* **DATA SECTION**
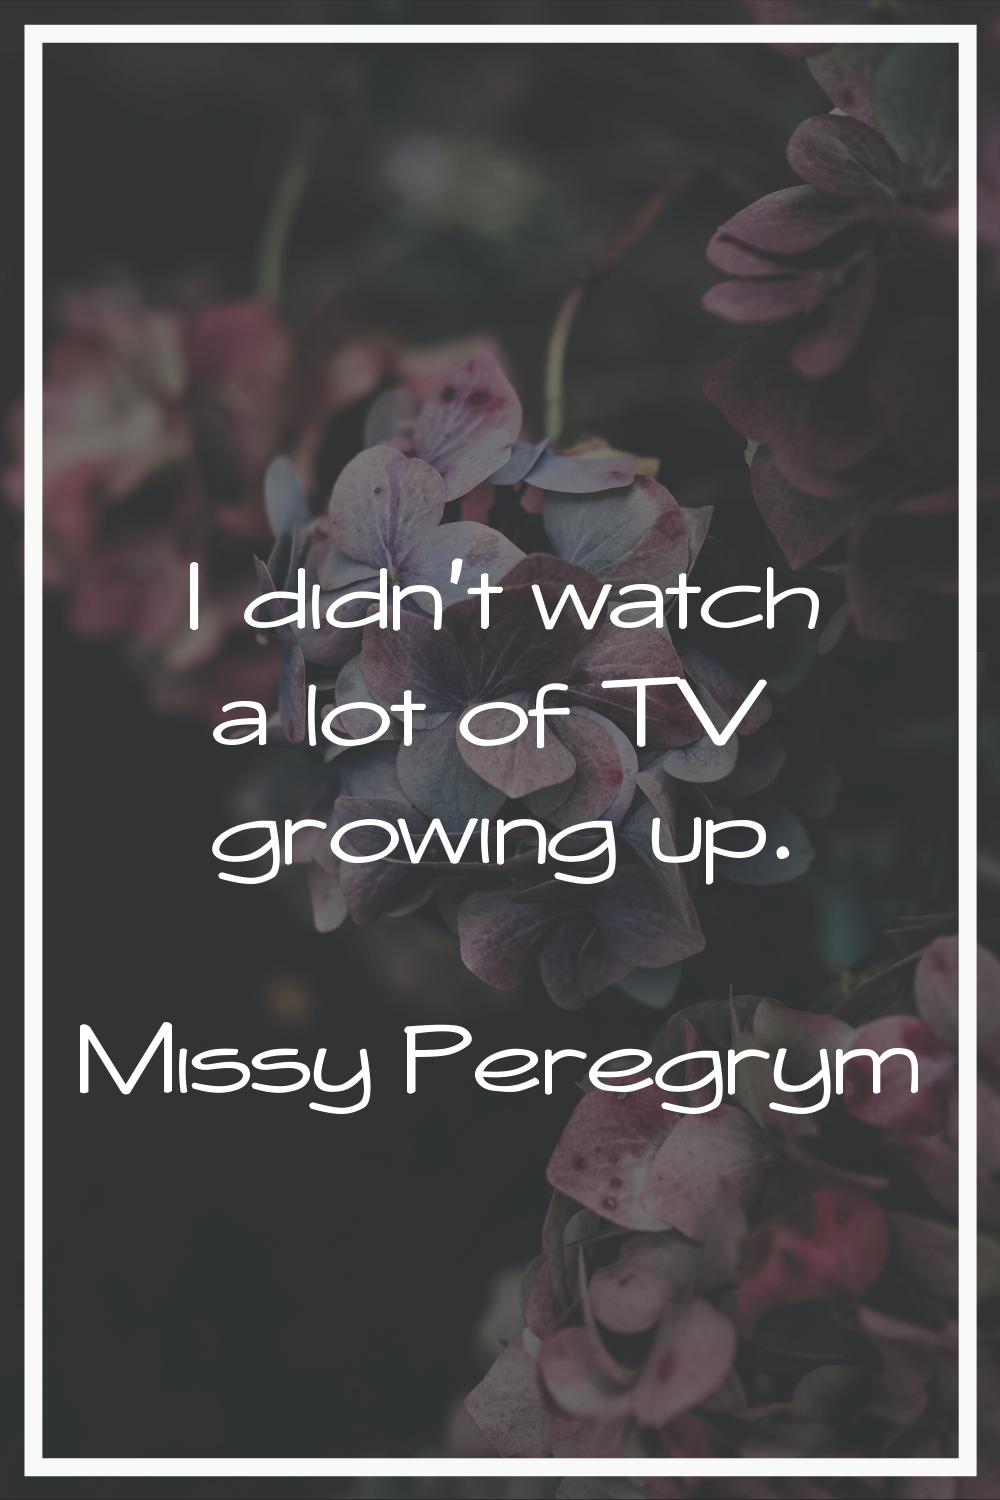 I didn't watch a lot of TV growing up.
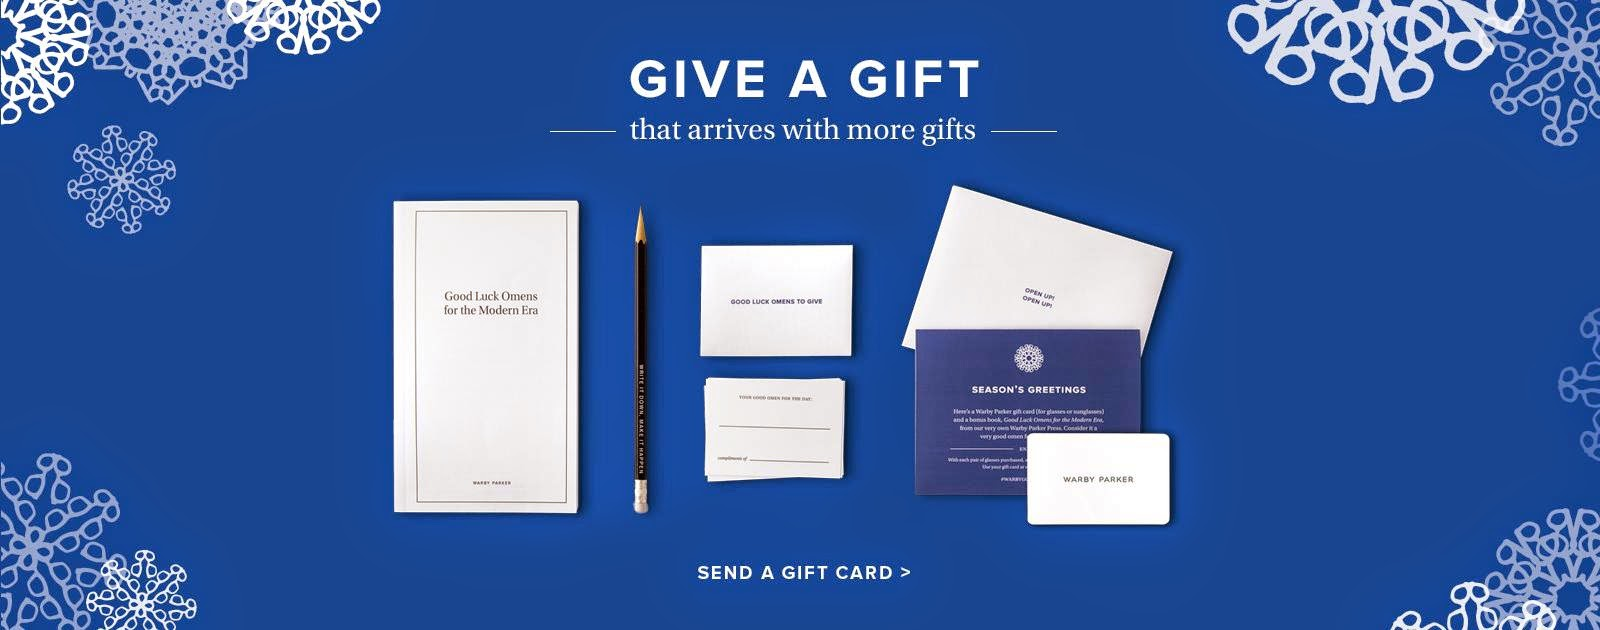 Warby Parker branded books for seasonal gifting activity in store
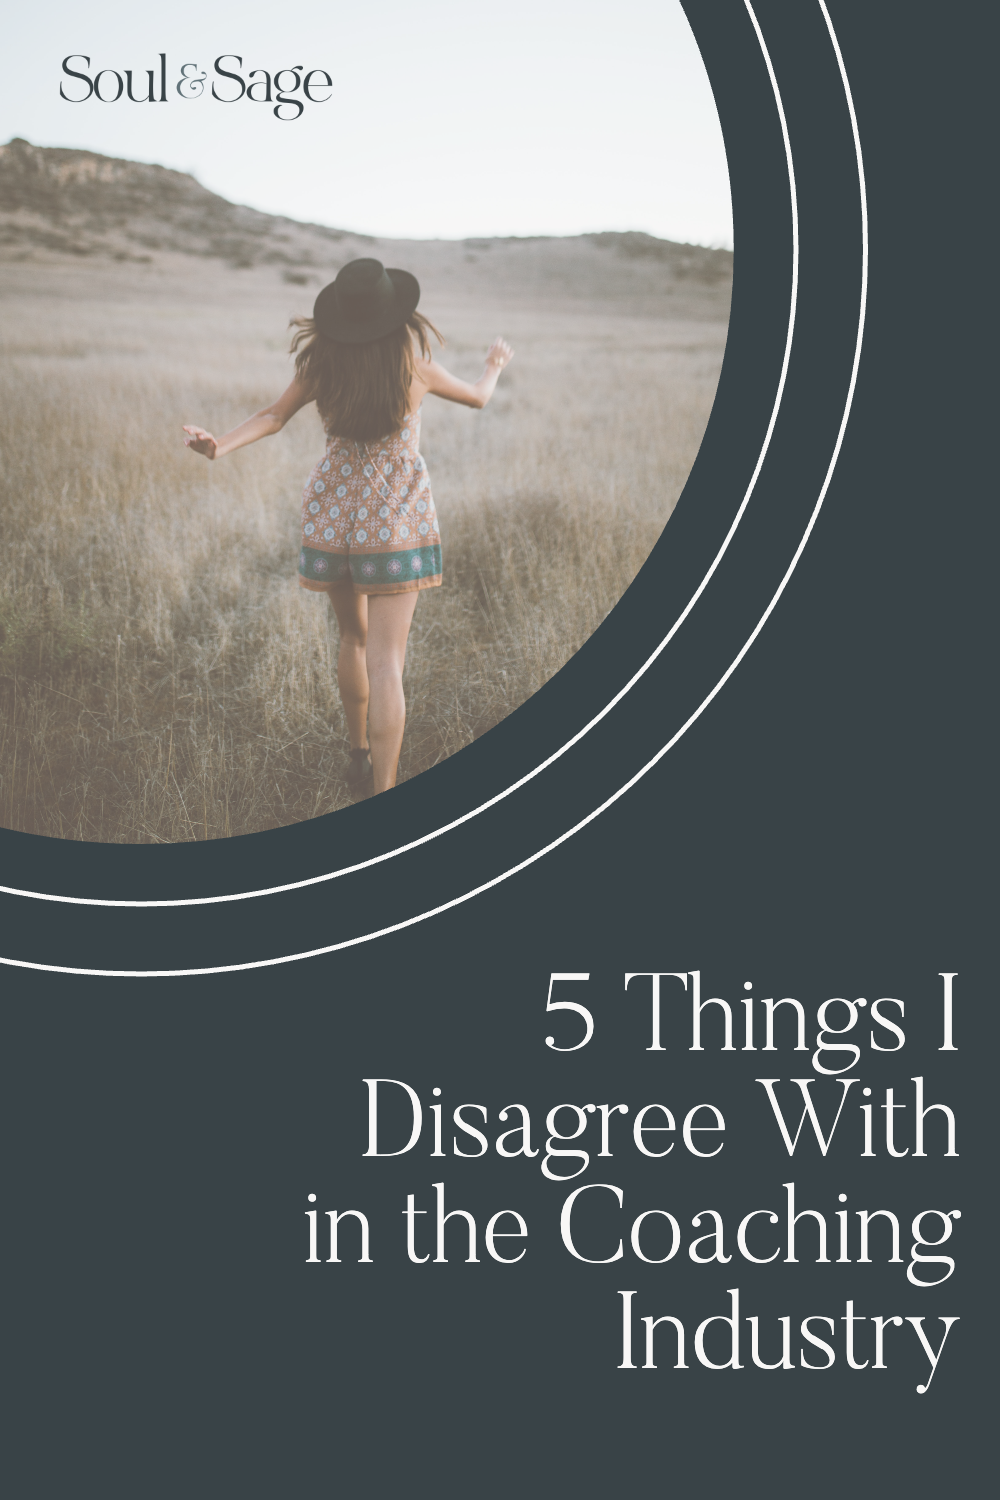 5 Things I Disagree With in the Coaching Industry - Soul & Sage

* **YOUR TASK**
Word for word, restate the material above; do not carry over the pictures.

* **YOUR RESPONSE**
 I didn't watch a lot of TV growing up.
 Warby Parker branded books for seasonal gifting activity in store
 5 Things I Disagree With in the Coaching Industry - Soul & Sage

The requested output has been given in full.